Chinese-ChatBot/Chinese chatbot
- The author has fully transferred to
GNN graph neural network direction C++ development will no longer follow up on NLP, and the project code will cease to be maintained. When the Yuanxiang project was completed, there were very few online resources. The author came into contact with NLP and Deep Learning for the first time on a whim. Overcoming many difficulties, he finally wrote this Toy Model. Therefore, the author knows that it is not easy for beginners, so even if the project is no longer maintained, issues or emails ([email protected]) will be responded to in a timely manner to help newcomers to Deep Learning. (The version of Tensorflow I use is too old. If you run the new version directly, you will definitely get various errors. If you encounter difficulties, don’t bother to install the old version of the environment. It is recommended to use Pytorch to reconstruct it according to my processing logic.

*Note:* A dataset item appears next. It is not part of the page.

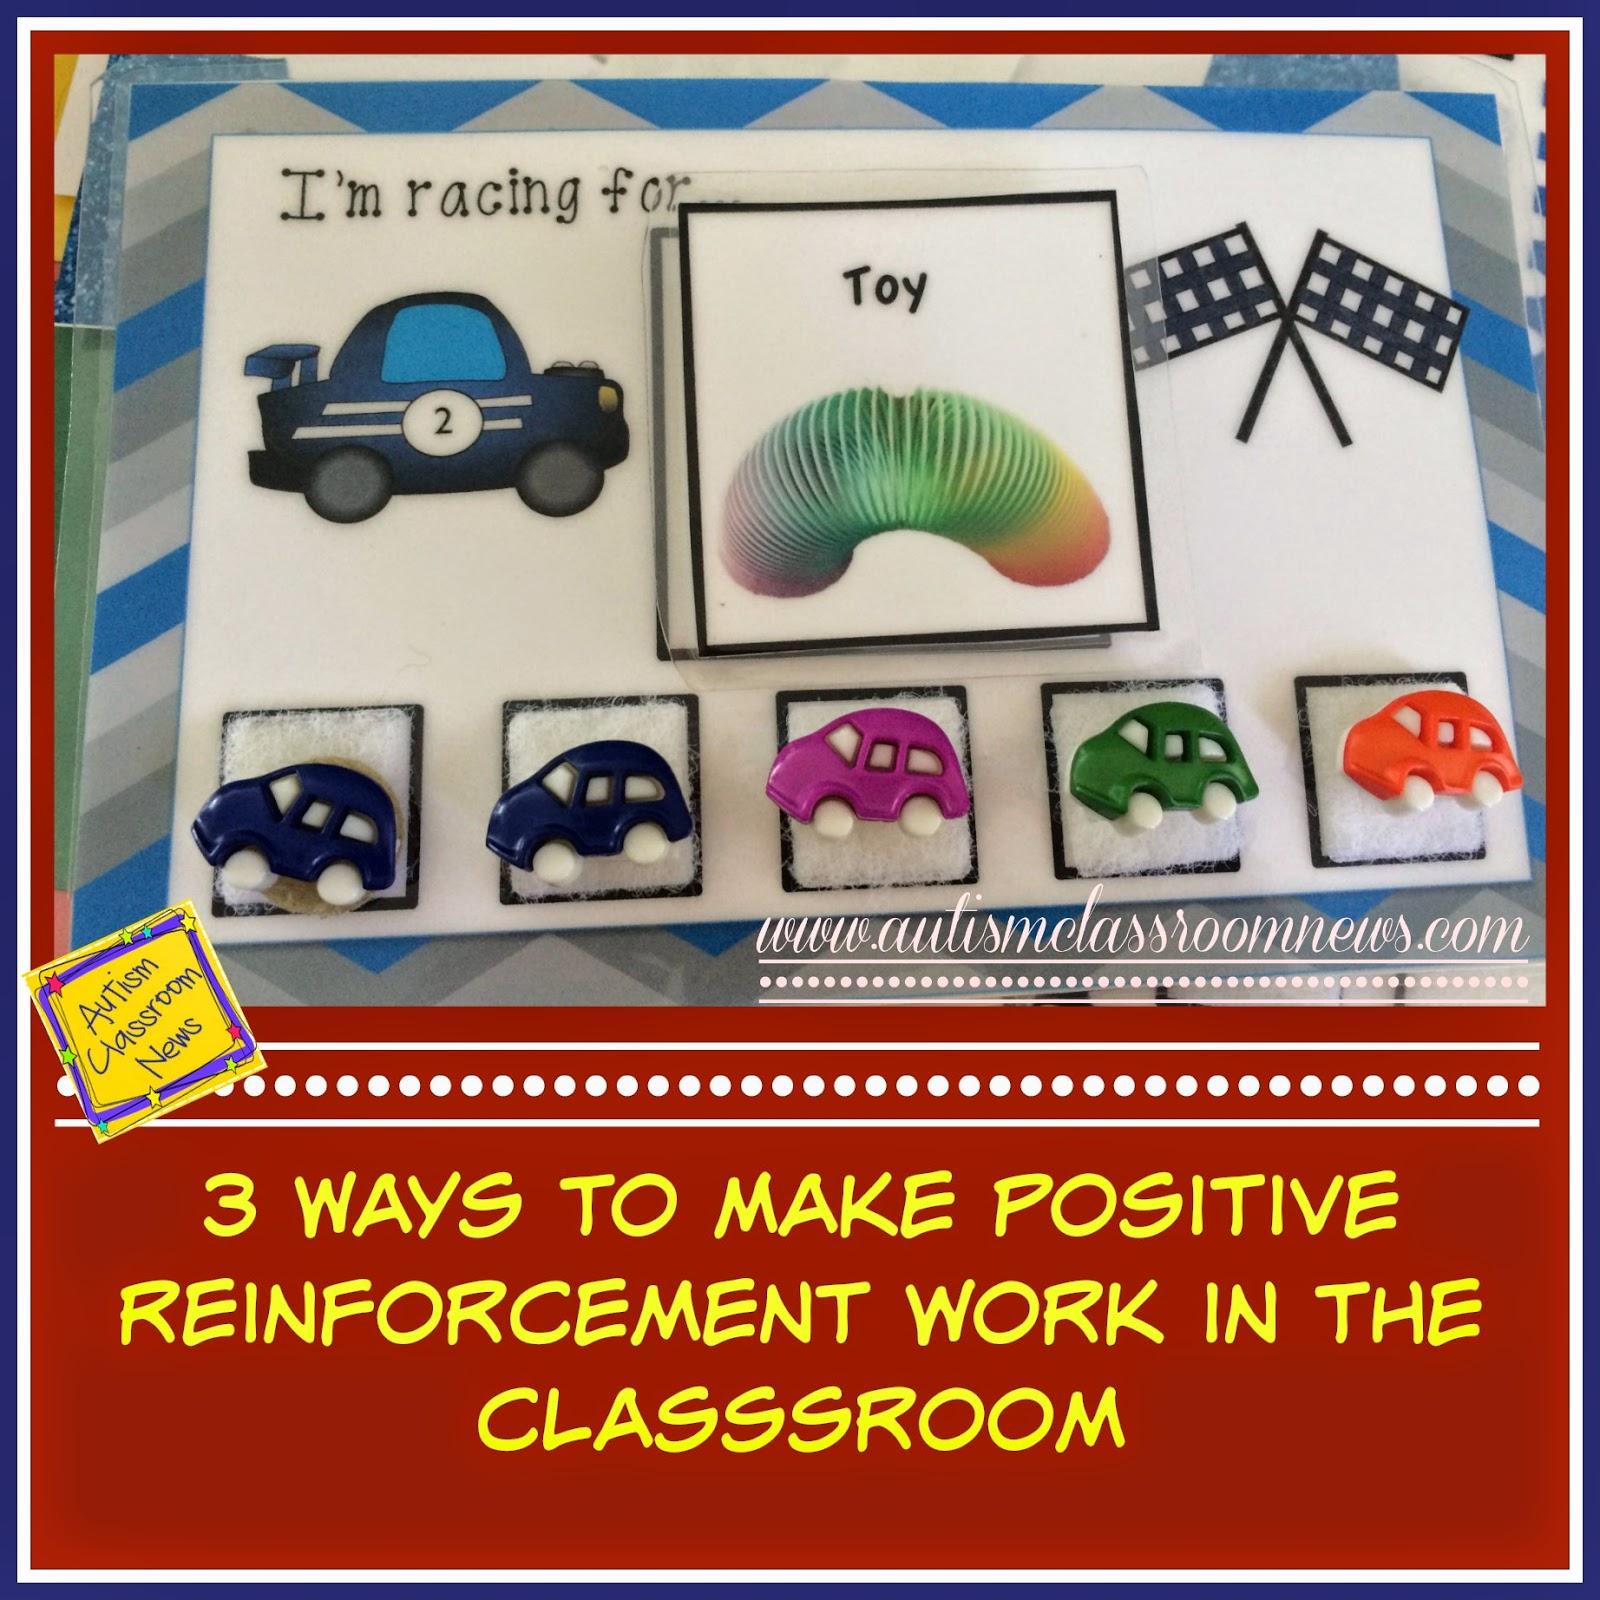 autism classroom news 3 ways to make positive
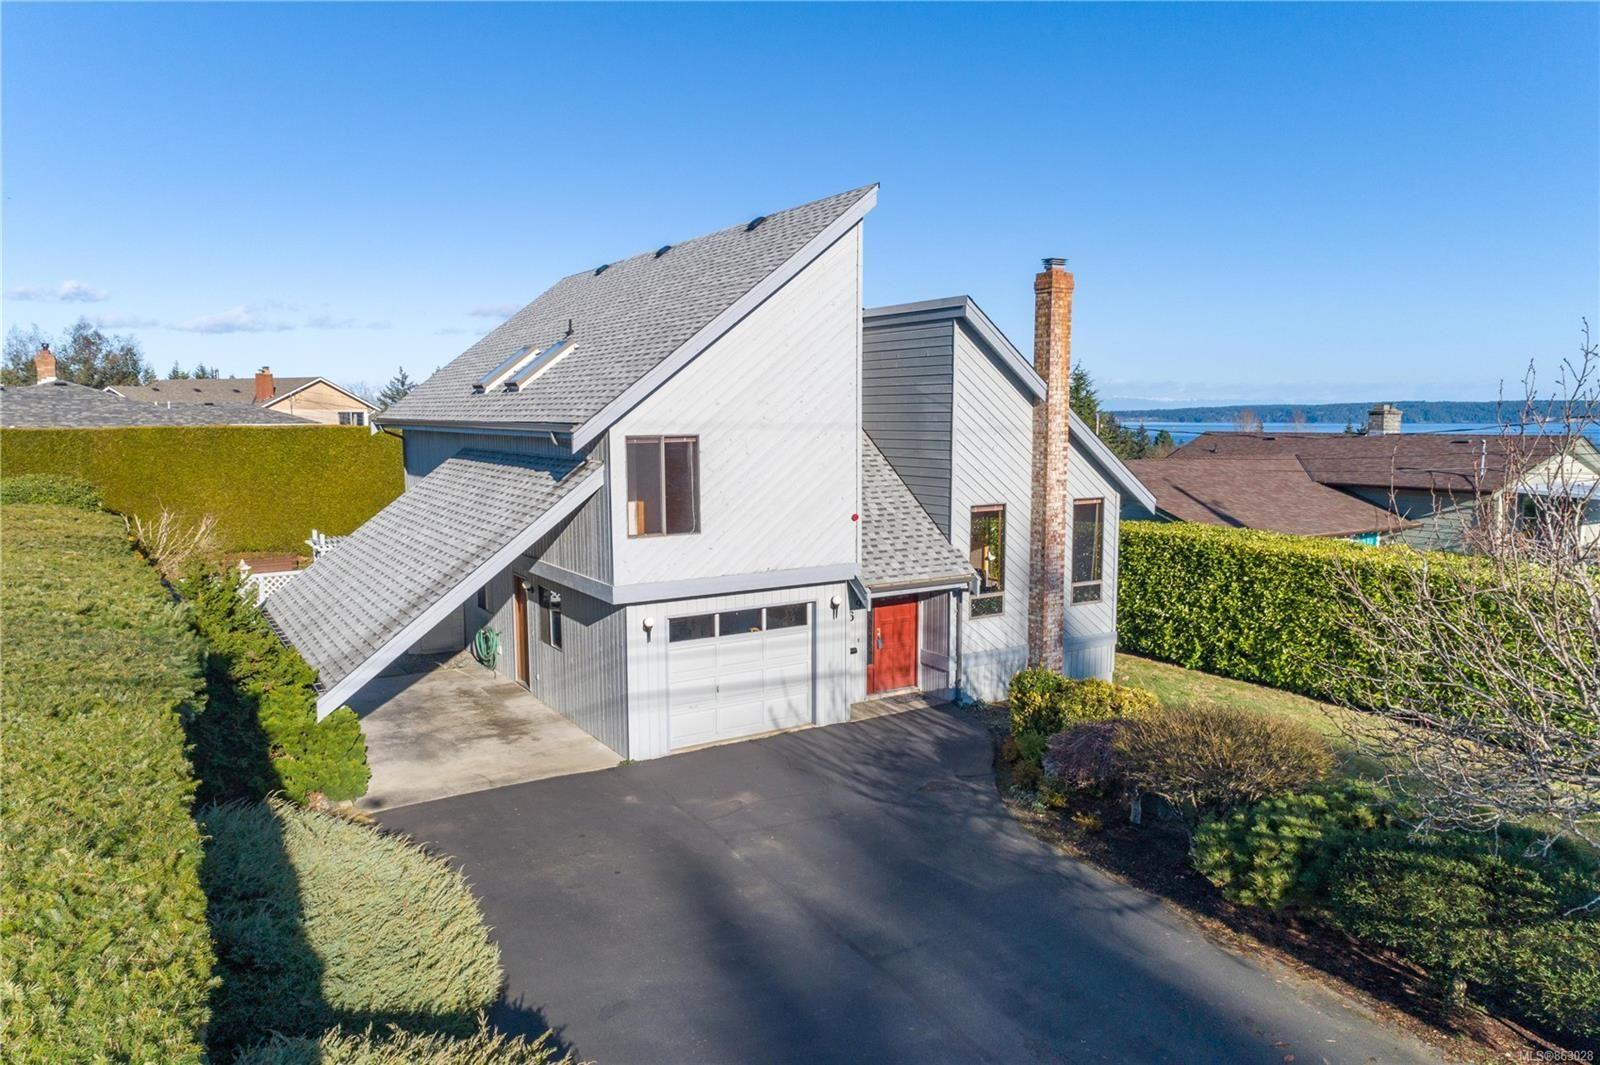 Main Photo: 3169 Sunset Dr in : Du Chemainus House for sale (Duncan)  : MLS®# 863028

I Too lazy to write)
- GNN aspect:
- A set of benchmark comparison models: GNNs-Baseline has been adapted and compiled to facilitate quick verification of ideas.
- The open source code of my paper ACMMM 2023 (CCF-A) is here LSTGM.
- The open source code of my paper ICDM 2023 (CCF-B) is still being compiled. . . GRN
- Fellows are welcome to add, communicate, and learn.
Environment configuration
program | Version |
---|
python | 3.68 |
tensorflow | 1.13.1 |
Keras | 2.2.4 |
windows10 | |
jupyter | |
Main reference materials
- Thesis "NEURAL MACHINE TRANSLATION BY JOINTLY LEARNING TO ALIGN AND TRANSLATE ( Click on the title to download )"
- Attention structure diagram
Key points
- LSTM
- seq2seq
- Attention experiments show that after adding the attention mechanism, the training speed is faster, the convergence is faster, and the effect is better.
Corpus and training environment
100,000 dialogue groups from the Qingyun corpus, trained in Google colaboratory.
run
Method 1: Complete process
- Data preprocessing
get_data
- Model training
chatbot_train
(This is the version mounted to google colab, the local running path needs to be slightly modified)
- Model prediction
chatbot_inference_Attention
Method 2: Load an existing model
- Run
chatbot_inference_Attention
- Load
models/W--184-0.5949-.h5
Interface(Tkinter)
Attention weight visualization
other
- In the training file chat_bot, the first two of the last three blocks of code are used to mount Google Cloud Disk, and the last one is used to obtain those losses to facilitate drawing. I don’t know why the tensorbord in the callback function does not work, so I came up with this strategy;
- The penultimate block of code in the prediction file only has text input but no interface. The last block of code is the interface. One of the two blocks can be run immediately according to the needs;
- There are a lot of intermediate outputs in the code, I hope it helps you understand the code;
- There is a model that I have trained in models. There should be no problem in normal operation. You can also train it yourself.
- The author has limited ability and has not found an indicator to quantify the dialogue effect, so loss can only roughly reflect the training progress.